Word Definition vulgar common traverse to cross undulate to wave vivid bright pallor paleness

Vulgar - common Our adjective vulgar is what survives of the ancient Latin word vulgus, mob. When we say something is vulgar, we are saying it is common, lacking in good taste or refinement. In Kenneth Grahame’s The Wind in the Willows there are vulgar songs. In Mark Twain’s Tom Sawyer someone “called Tom a bad, vicious, vulgar child.”

Traverse – to cross The English verb traverse comes from the Latin transversus, meaning to turn across.

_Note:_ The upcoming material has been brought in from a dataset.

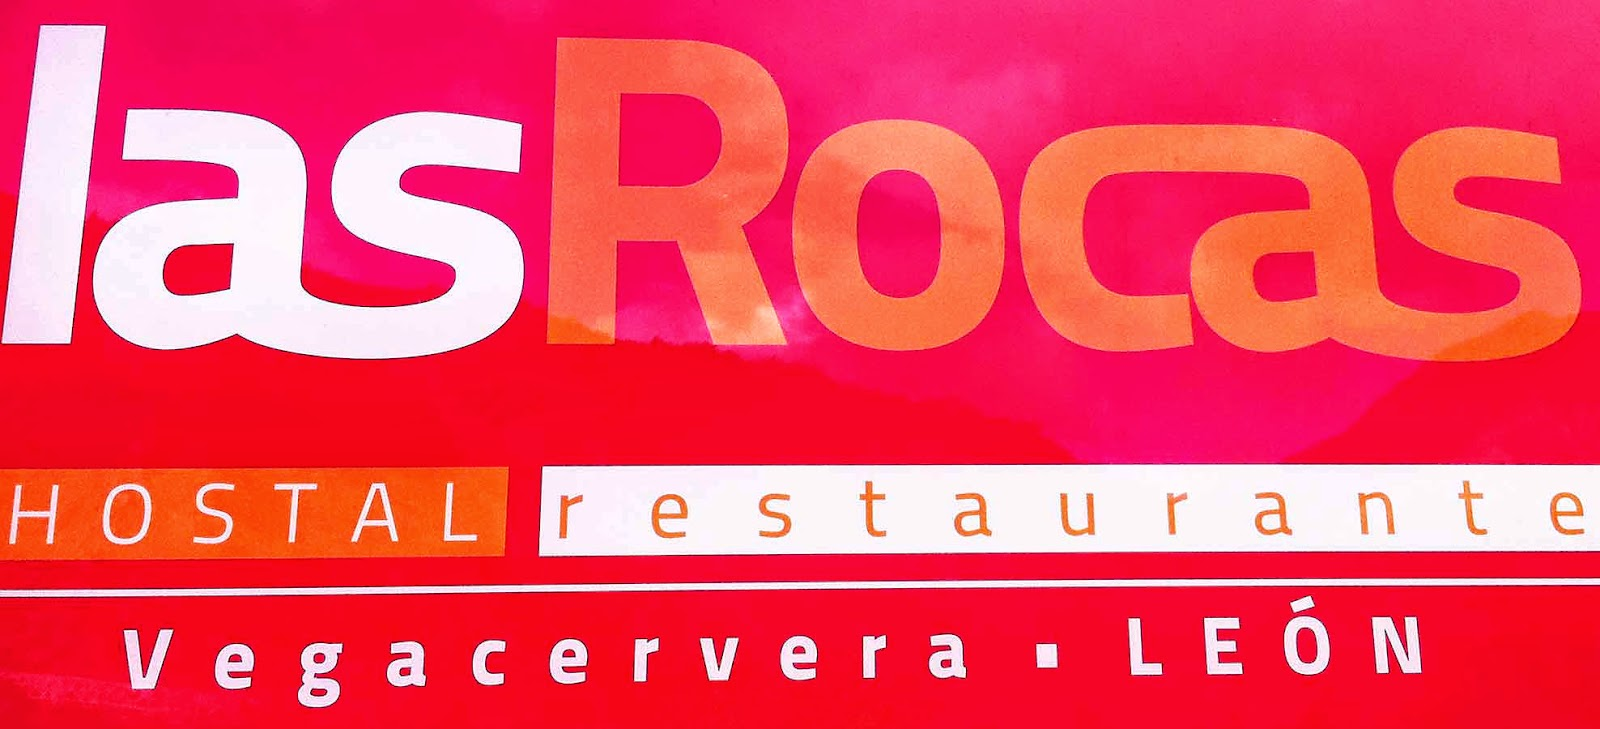 Restaurante-LasRocas-Vegacervera-Leon-Logo

Sylvia Plath wrote a beautiful, haunting sentence about how “Every so often a beam of light appeared out of thin air, traversed the wall like a ghostly, exploratory finger, and slid off into nothing again.” Sir Walter Scott used traverse in Ivanhoe to describe a vivid sound: “The heavy yet hasty step of the men-at-arms traversed the battlements.”

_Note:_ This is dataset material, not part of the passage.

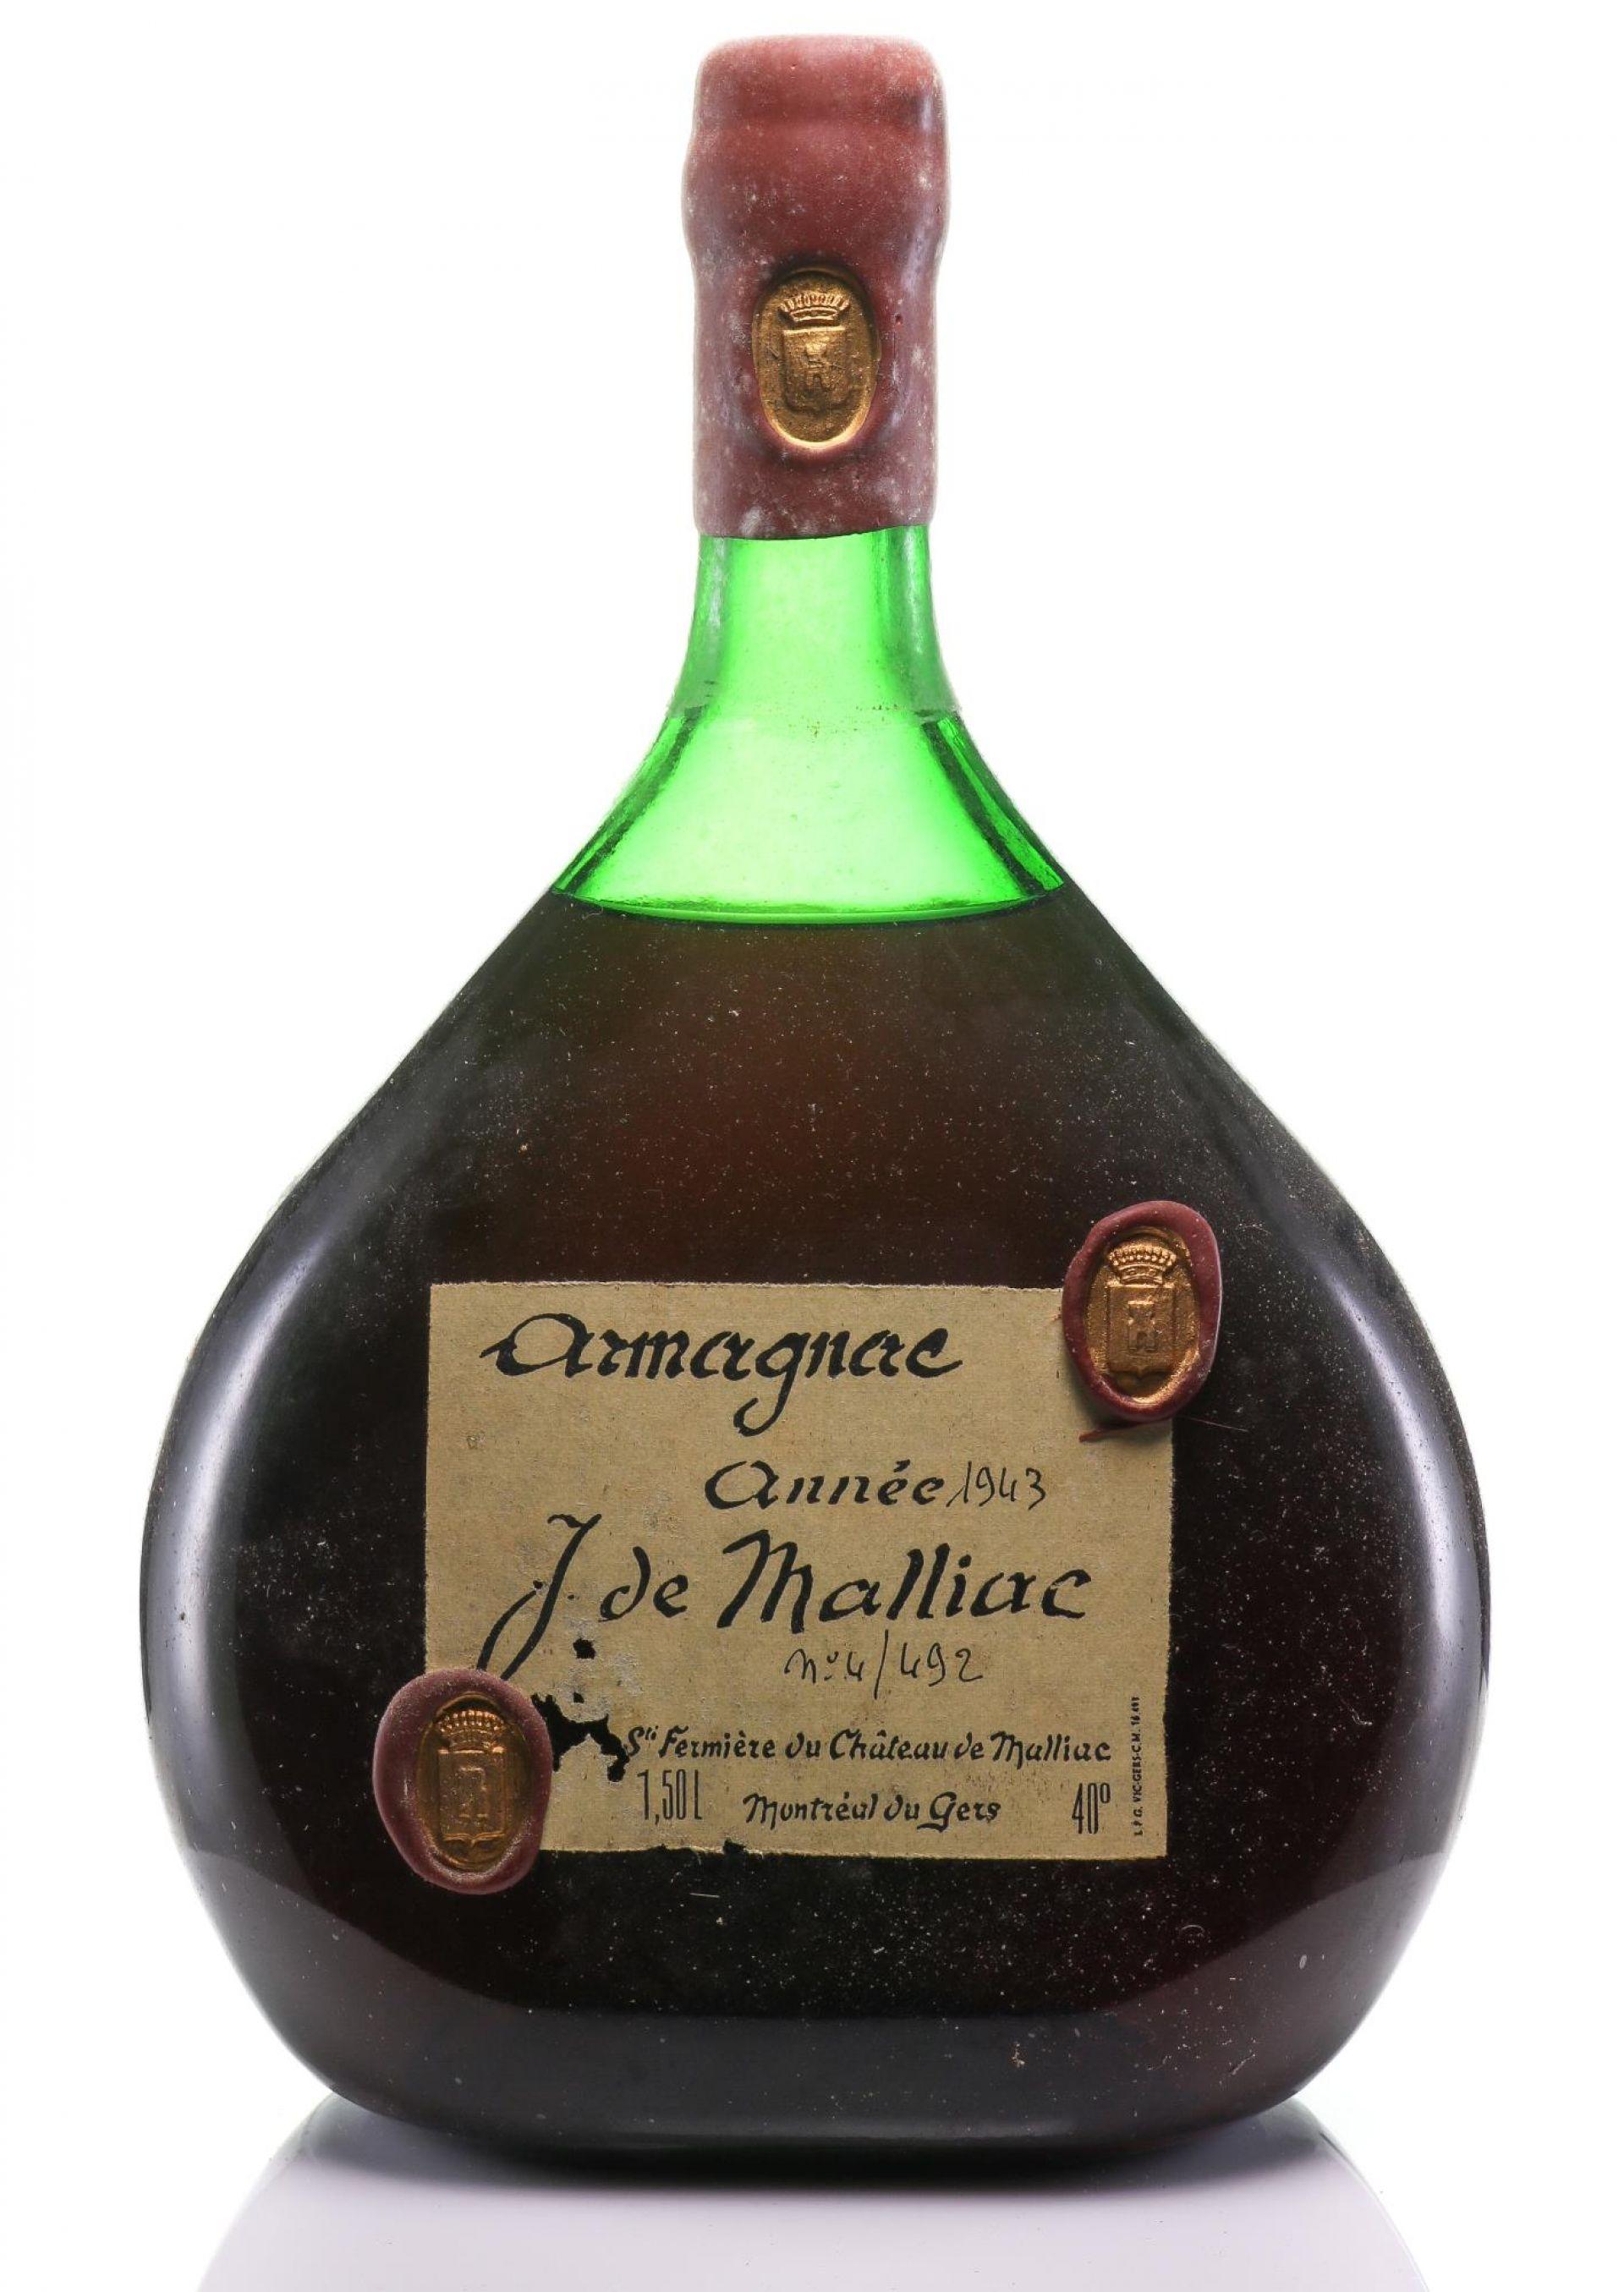 Armagnac 1943 Malliac, De

Undulate – to wave To the Romans, an undula was a small wave. Two thousand years later, we still say that something that waves undulates. Undulate (verb) and its noun form, undulation, can describe anything that moves in a wave-form, but it can also describe something that intensifies and that abates

Vivid- bright Our adjective vivid is a distant echo of the Latin vivere, to live. Something that is vivid is bright, colorful, lifelike. Vivid things make strong impressions on us. In H.G. Wells’s The War of the Worlds, about a Martian invasion of the Earth, there is “a vivid red glare.” Wells used the word repeatedly, describing a “vivid sense of danger,” “puffs of vivid green vapor.” “a vivid account of the Heat-Ray,” and “a vivid blood-red tint.”

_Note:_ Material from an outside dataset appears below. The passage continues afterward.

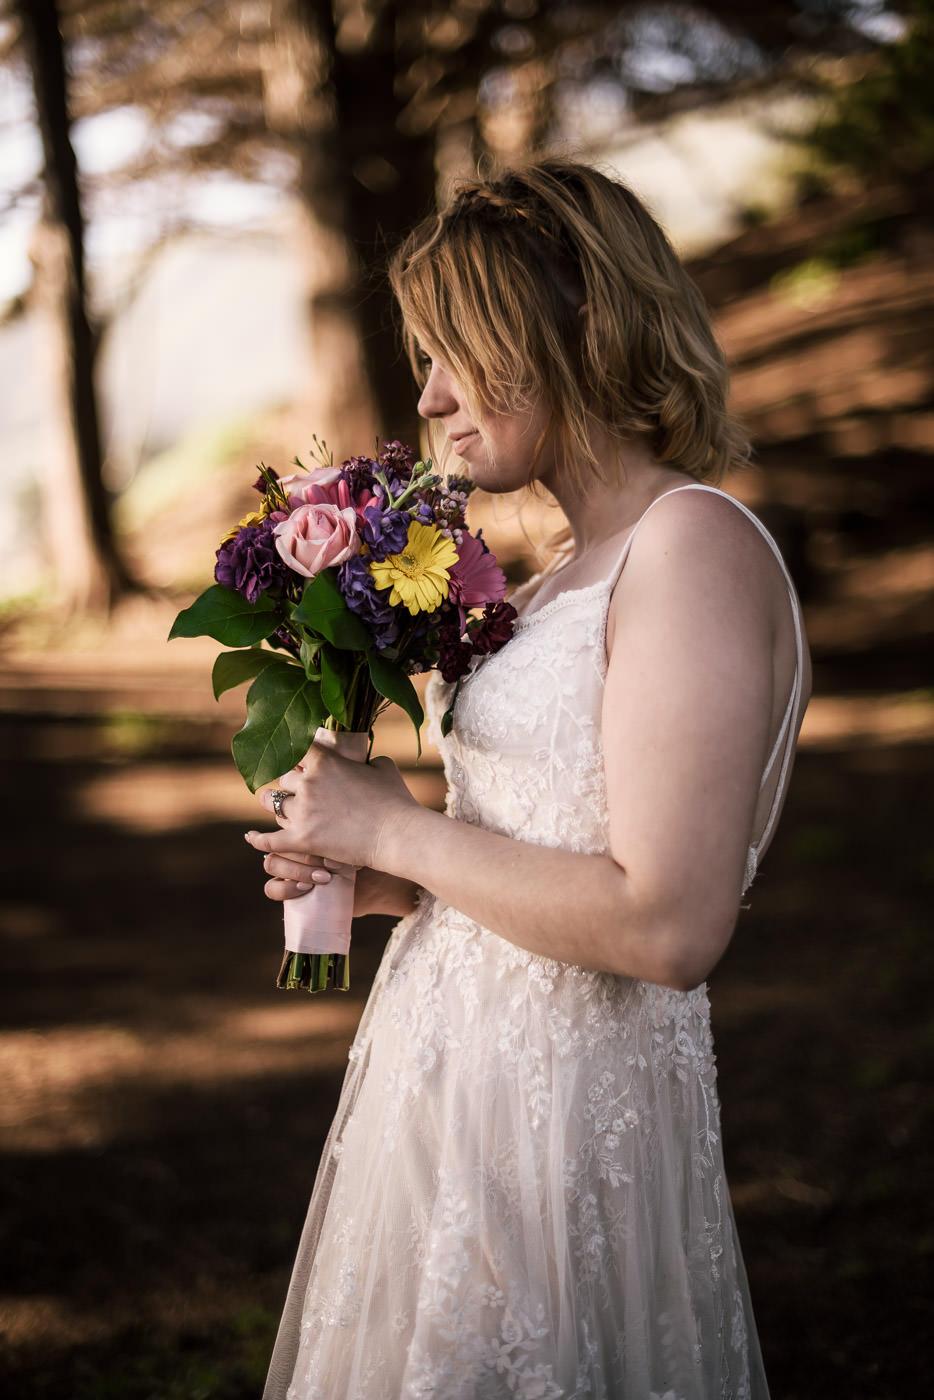 Stunning portrait of a bride at her elopement in Big Sur.

Pallor- paleness The English noun pallor comes from the Latin pallere, to be pale. Pallor is a noun; its adjective form is pallid. The most frequent use of pallor is to describe the gray face of someone who is sick, weak, or afraid. Joseph Conrad wrote of “the even olive pallor of her complexion.” In Jane Eyre, Charlotte Bronte wrote the “Mr Rochester’s extreme pallor had disappeared.”